The Happiness of the Katakuris Destroys Conventions

By Justin Lowe
Special to AsianWeek

Leave it to Takashi Miike to violate audience expectations along with stylistic conventions. The prolific Japanese director, who produces a half-dozen films a year, is a confirmed genre jumper, gleefully leaping from gangland grossouts (the Dead or Alive series, Ichi the Killer), to psychological horror (the eerily unforgettable Audition) to dysfunctional family drama (Visitor Q).

In his latest U.S. release, The Happiness of the Katakuris, Miike tosses all of these elements together with claymation sequences and musical numbers, blending them into a mischievous black comedy that sardonically touts the value of family togetherness.

Meet the Katakuri family: Middle-aged Masao (Kenji Sawada) and his wife Terue (Keiko Matsuzaka) decide to pursue their dream of opening a country guesthouse after getting downsized from their department-store jobs. Along with ex-convict son Masayuki (Shinji Takeda), divorced daughter and single-mom Shizue (Naomi Nishida) and her little girl Yurie, and Masao’s feisty father Jinpei (Tetsuro Tanba), Mom and Dad renovate a disconcertingly ordinary alpine-style hostelry located in a mountain resort town and then wait — and wait — for their no-show guests to arrive.

Finally, one stormy night (naturally enough) brings the arrival of their first lodger, who’s in no mood to receive the warm greeting offered by the entire Katakuri clan in the form of an up-tempo song and dance number. In fact, he’s antisocial enough to kill himself in their newly refurbished guestroom, casting suspicion on recently reformed petty criminal Masayuki.

Left to right: Shinji Takeda, Keiko Matsuzaka, Kenji Sawada, Tetsuro Tanba, 'Yurie,' Naomi Nishida.
Desperate to avoid the unfortunate publicity associated with dying guests, the Katakuris quietly bury his body in the backwoods behind the lodge and are soon welcoming their next visitors, an oversexed sumo wrestler and his runaway high school-age girlfriend. Before you know it, they’ve expired in the act and have to be disposed of alongside the first guest.

Meanwhile, dimwitted daughter Shizue has fallen for a sham British naval officer, a Chinese con man who claims to be Queen Elizabeth’s half-nephew. With the bodies piling up and the police asking inconvenient questions, the Katakuri parents despair of ever hosting guests who can survive their first night in the hotel, much less providing a normal home life.

When the local authorities announce plans to route a new highway through the family’s makeshift graveyard, the Katakuris are forced to devise a plan for relocating the bodies, a project that culminates in a musical performance featuring the entire cast, including the decomposing corpses.

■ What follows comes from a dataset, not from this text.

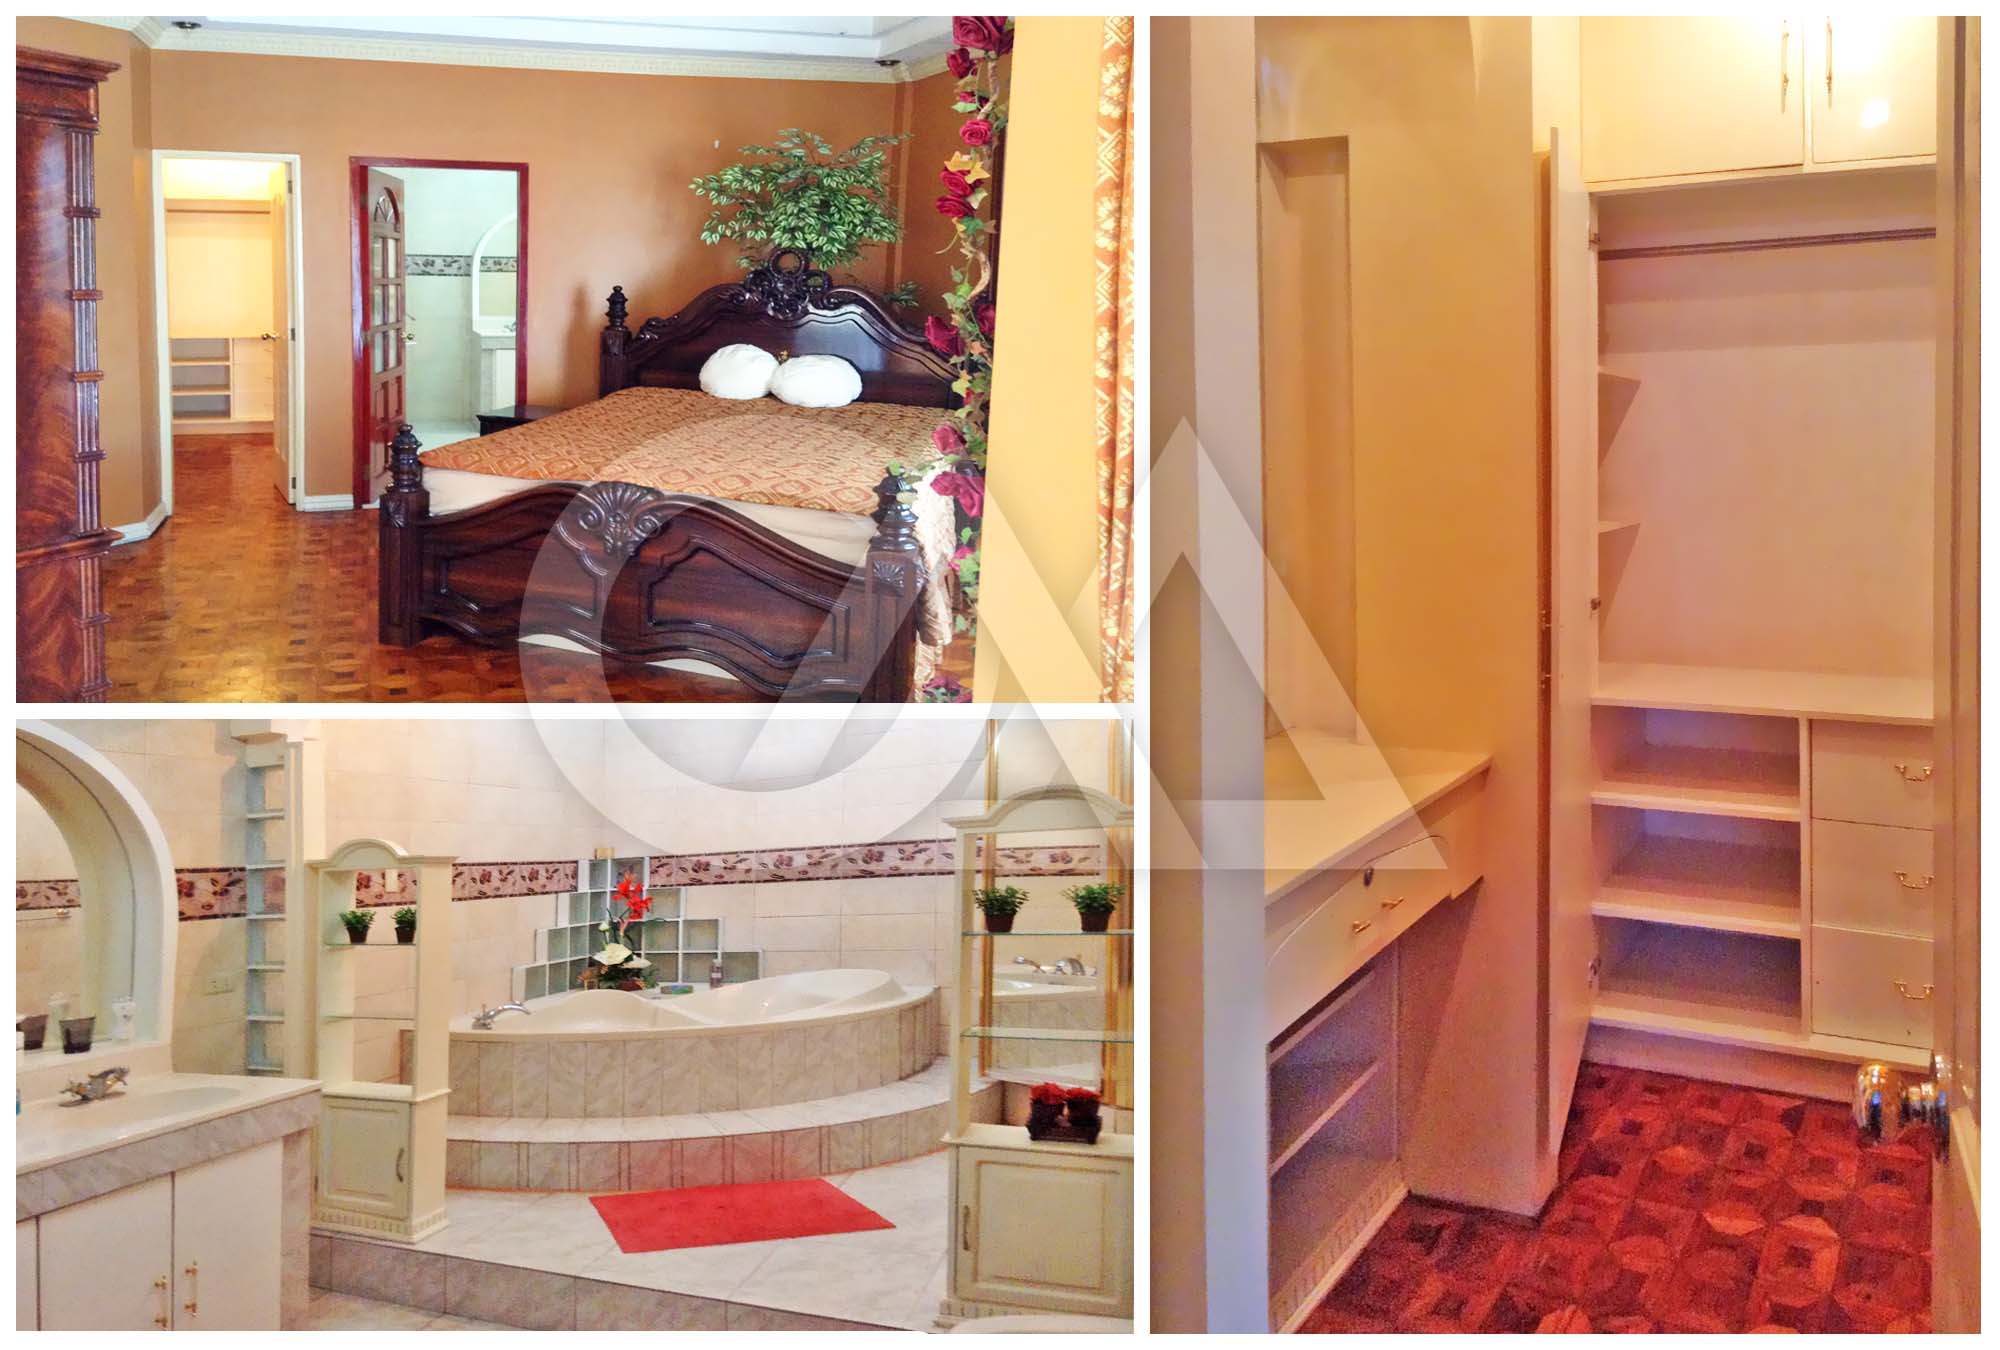 Master's; Bath Enclosure, Bathtub, Walk-In Closet, Balcony
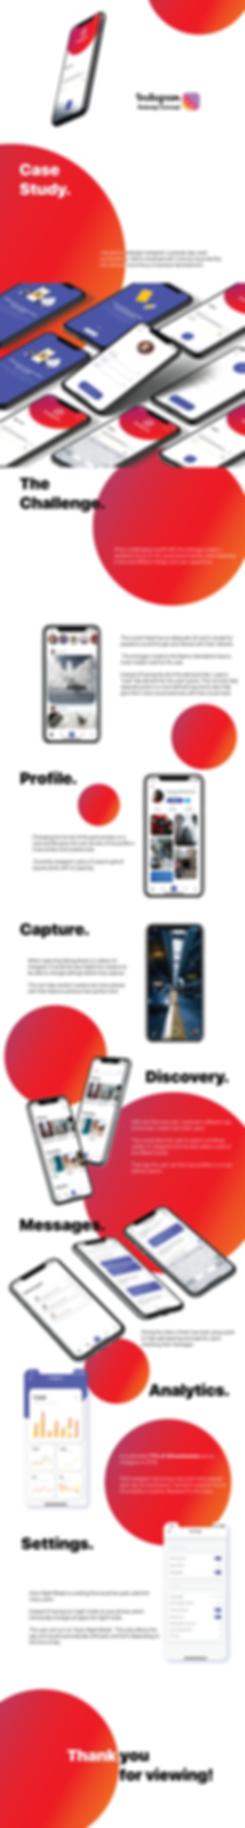 Instagram Redesign-01.png

In this remake of Ji Woon Kim’s 1998 Korean comedy The Quiet Family, Miike borrows liberally from both The Sound of Music and music video conventions for an altogether unique and kitschy combination of horror and humor. Defying even the open-ended expectations that audiences typically bring to a Miike film, the director opens Katakuris with a bizarre claymation sequence in which a miniature goblin emerges from a woman’s soup, extracts her uvula and flies off to the mountainside above the Katakuri’s inn.

Claymation interludes continue to punctuate key events in the film, alternating with musical numbers and the increasingly sentimental storyline. Setting aside his gory brand of trenchant social commentary, Miike’s venture into family drama has its moments of hilarity, but the amateurishly staged musical numbers wear thin over the near-two hour running time and the theme of family harmony proves altogether too conventional for this typically nonconformist director.

Although it provides a pleasant pre-Halloween diversion, The Happiness of the Katakuris hardly heralds a promising new direction for Miike, whose talents are better suited to murder and mayhem than musical comedy.


The Happiness of the Katakuris, in Japanese with English subtitles, opens Oct. 25 in the Bay Area.